“There has been controversy over the question of how well mRNA levels can predict protein levels,” said cell and molecular biologist Marko Jovanovic of Columbia University who was not involved in the study. “A few papers claim that their predictive power is very limited, others say they predict it very well. . . . The problem [is] that it depends what you are looking at—are you interested in the expression differences of different genes within the same tissues, or of the same gene in different tissues? Here, [the authors] have nicely separated these two, which is crucially important.”
In 2014, two papers published in Nature provided the first draft maps of the human proteome—each detailing the abundance and distribution of the assorted proteins throughout the body’s tissues—as determined by mass spectrometry. Amongst the multitude of data in one of the papers was a practical nugget of information: from looking at the vast array of proteins and their corresponding mRNAs in the various tissues, the authors had determined that mRNA levels are good surrogates for protein levels. If true, this would be really handy, said Jovanovic, “because it’s much easier to measure RNA levels.”
See “Human Proteome Mapped”
Most biologists would likely have nodded at this conclusion and read on, but to bioengineer Nikolai Slavov of Northeastern University in Boston, the paper’s claim represented a statistical “elephant in the room,” he said. “It was clear to me that this was not consistent with their data from the moment I saw it, and that’s why we decided to reanalyze the data.”
The problem, Slavov said, was that, in the original study, changes in mRNA and protein levels between different genes, which can vary by 1,000-fold or more, had been grouped together with expression differences for individual genes between tissues, which are “usually within a 10-fold range.” Analyzing the data en masse in this way had created “a classical Simpson’s paradox,” said Slavov—a statistical phenomenon whereby apparent trends in individual sets of data disappear or reverse when the sets are pooled.
Sure enough, when Slavov reanalyzed the raw data files from the two Nature studies together with those from a more recent proteome study he found that, when individual genes were compared across different tissues, the mRNA data barely predicted protein levels at all.

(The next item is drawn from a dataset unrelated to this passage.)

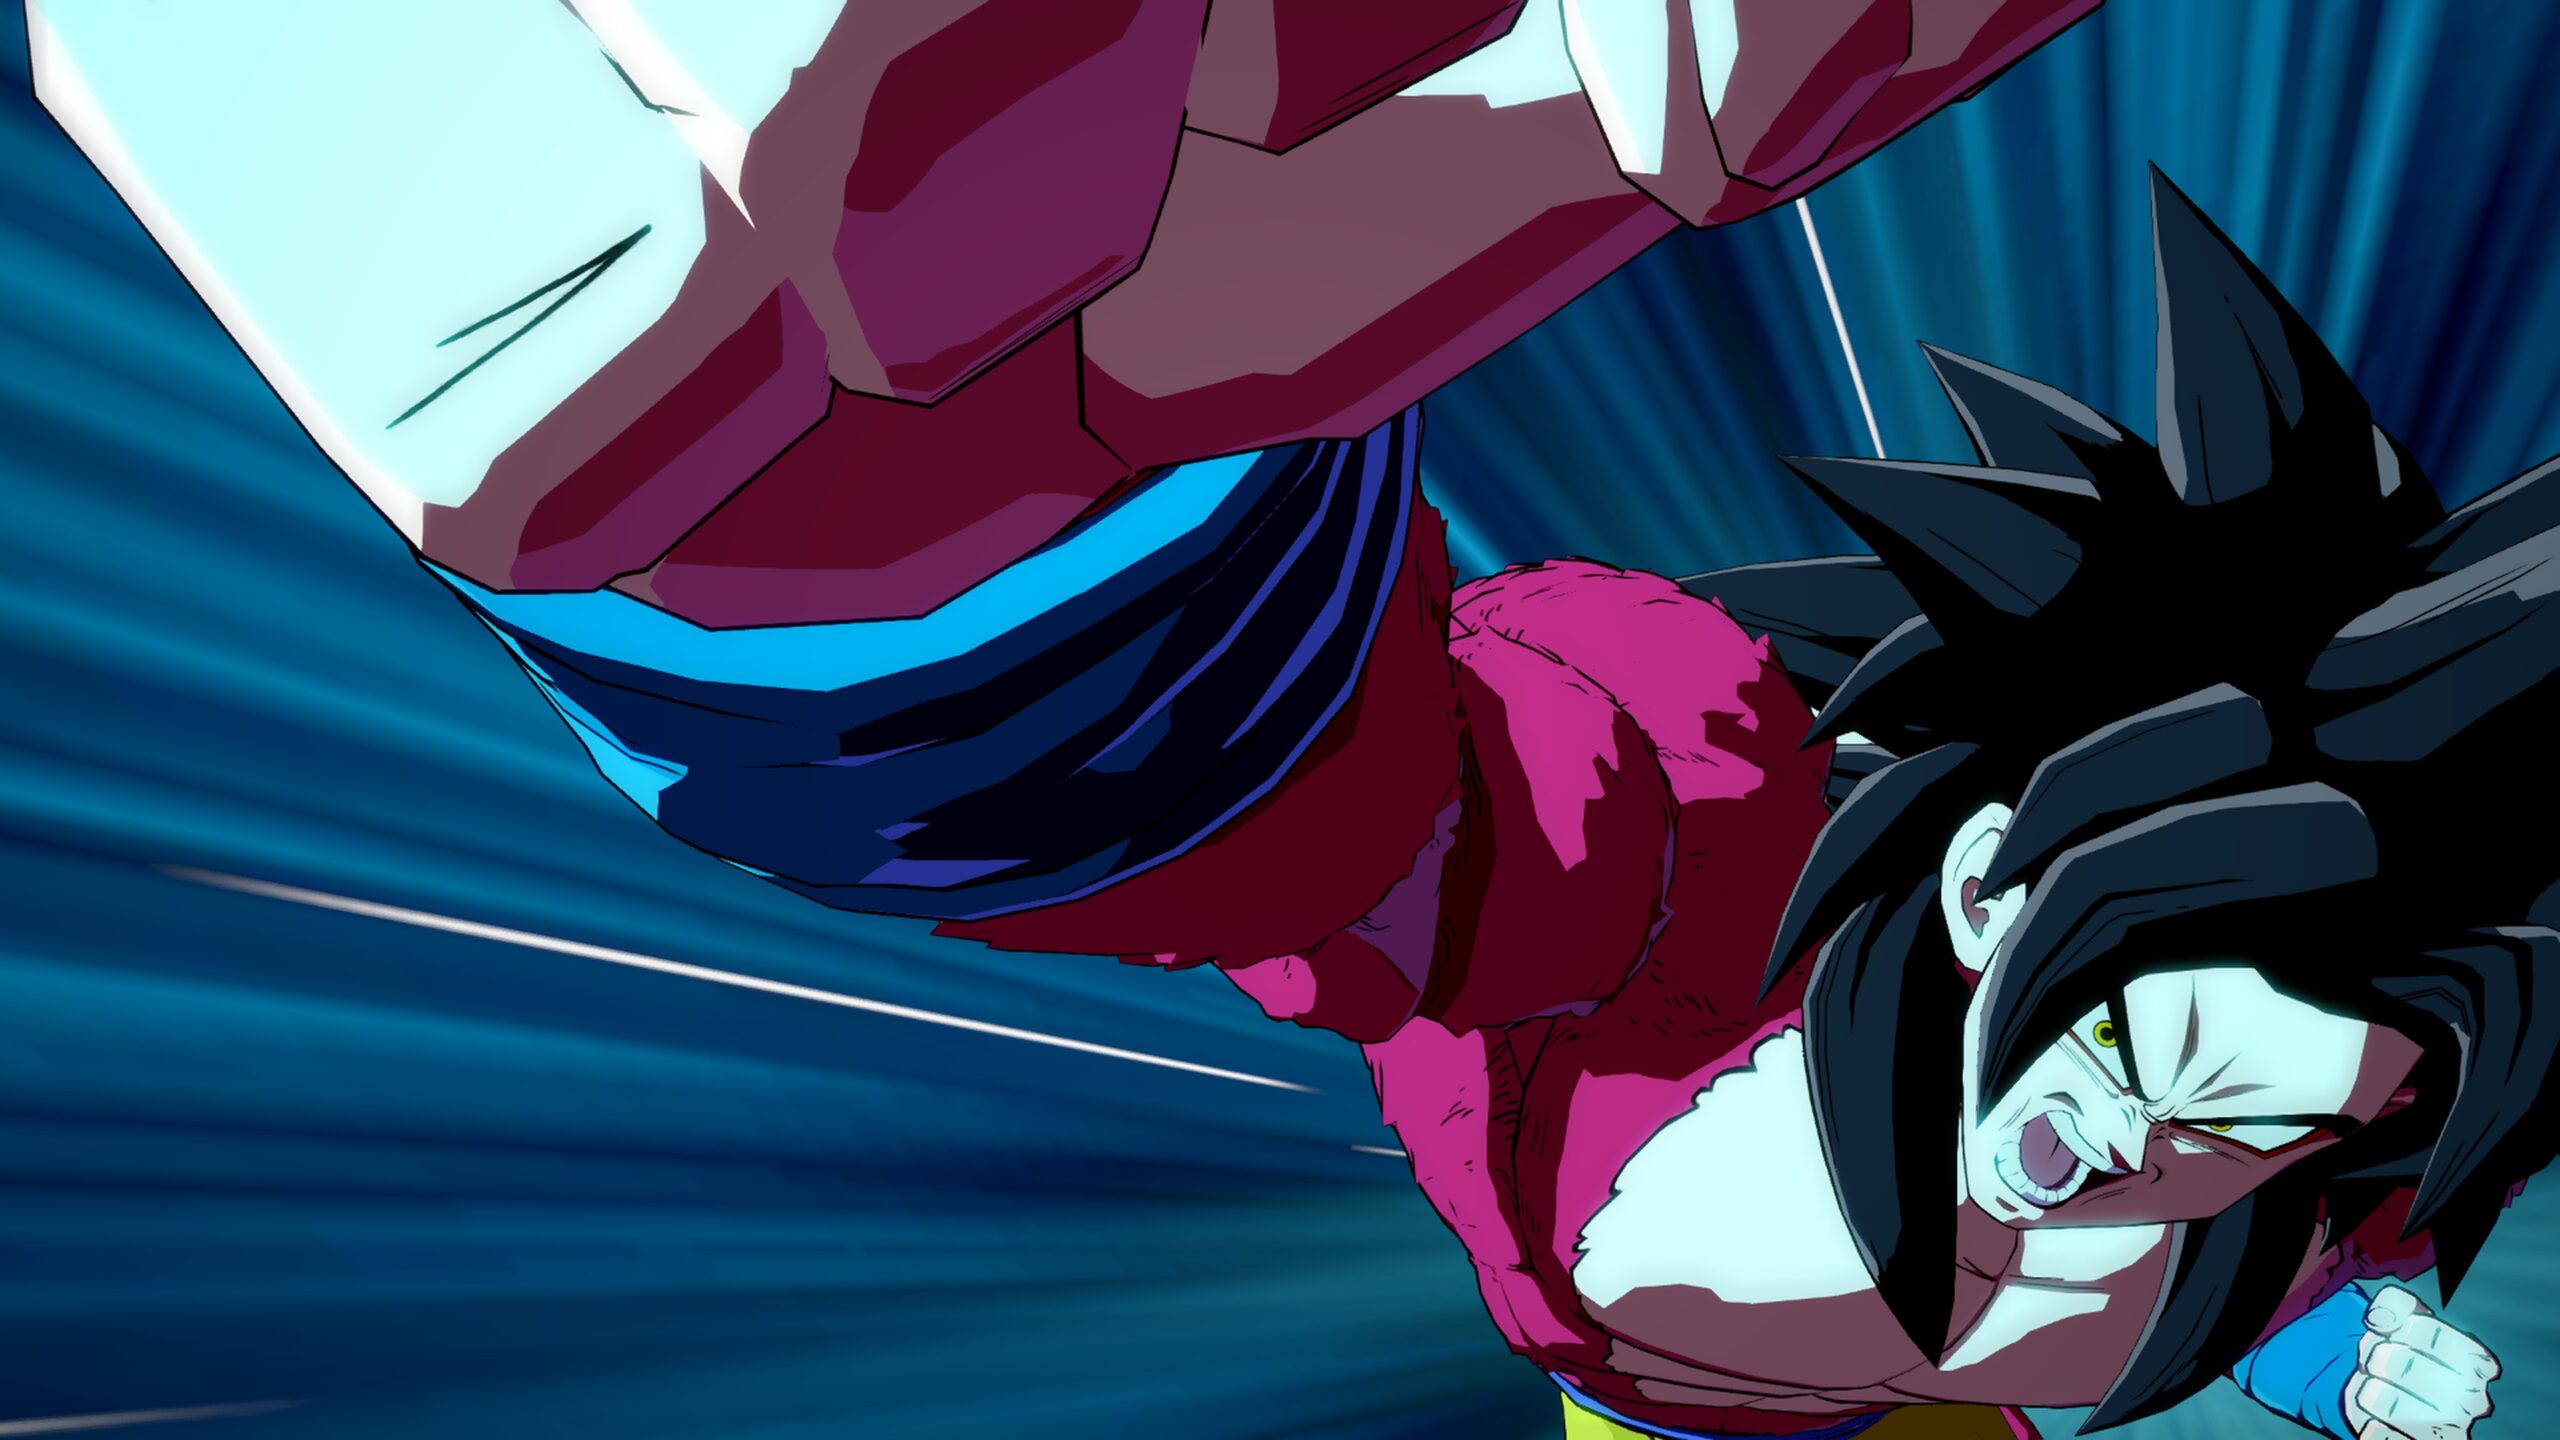 Baby Goku ALL FORMS - Dragon Ball GT Xenoverse 2

Noise within the data was responsible for some of this unpredictability, Slavov said, but there were enough reproducible results in different data sets to suggest that the rest of the unpredictability was due to tissue-specific post-transcriptional regulation. In short, Slavov explained, differences in things like mRNA degradation, protein degradation, and protein secretion between cell types render the mRNA level of an individual gene a very poor predictor of its protein abundance across tissues.
The paper is not implying that one should never trust mRNA levels as an indicator of protein expression, said systems biologist Michael Springer of Harvard Medical School who was not involved in the study. Of mRNA and protein levels being correlated, he said, “grossly, that is true. Highly expressed mRNAs lead to highly expressed proteins, lowly expressed mRNAs lead to lowly expressed proteins.”

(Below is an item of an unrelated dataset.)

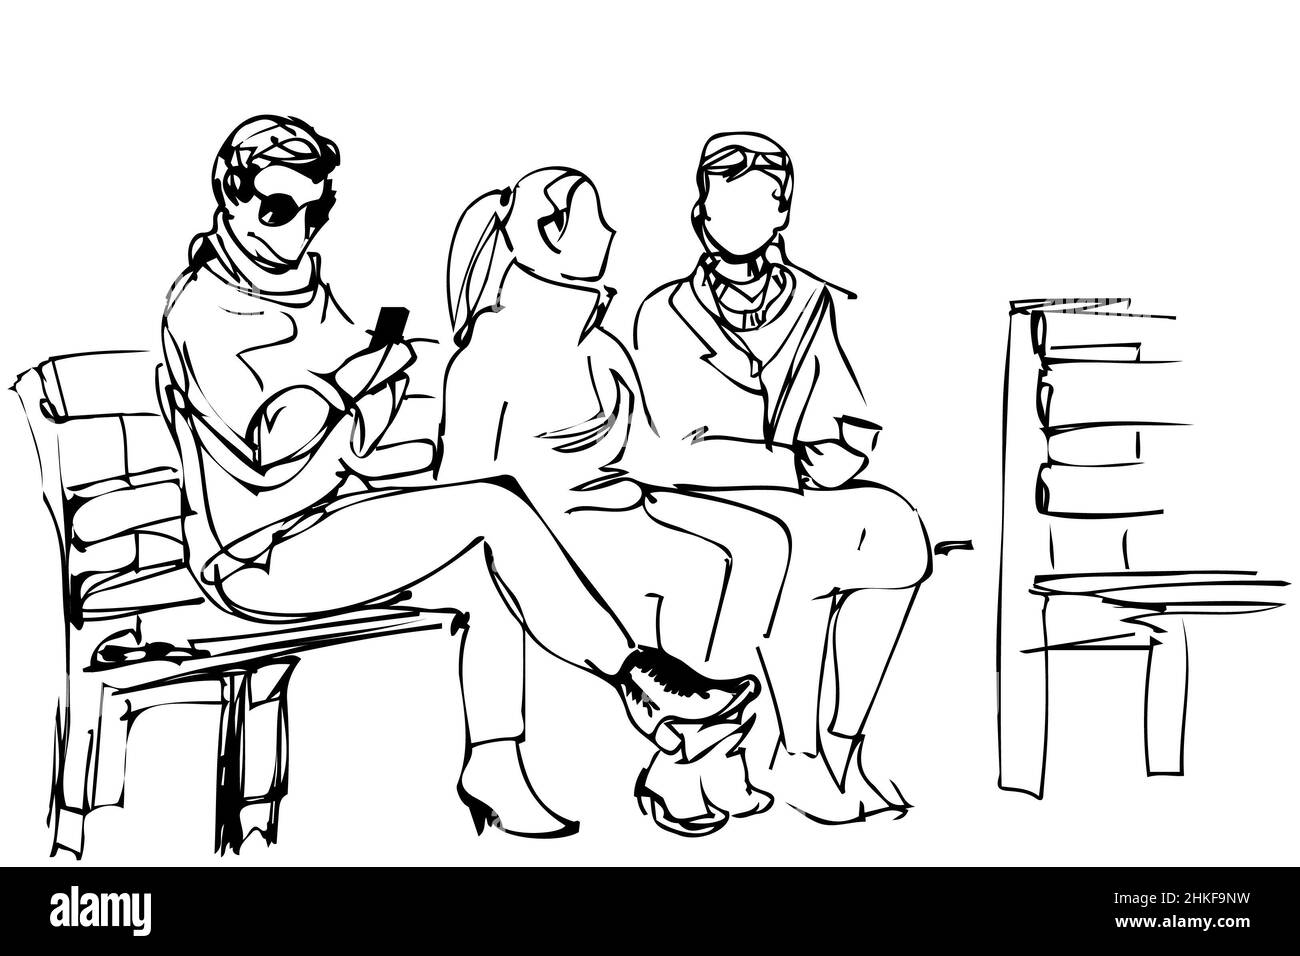 Dessin vectoriel noir et blanc d'amis assis sur un banc Banque D'Images

“But,” he went on, “if the differences are more subtle—as they often are for the same gene in different tissues or under different conditions, then you should be careful about using mRNA as a readout of protein level. . . It really depends on the question one is asking.”
The Scientist reached out to Bernhard Küster, one of the authors of the 2014 Nature study, but did not get a response.
A. Franks et al., “Post-transcriptional regulation across human tissues,” PLOS Computational Biology, 13:e1005535, 2017.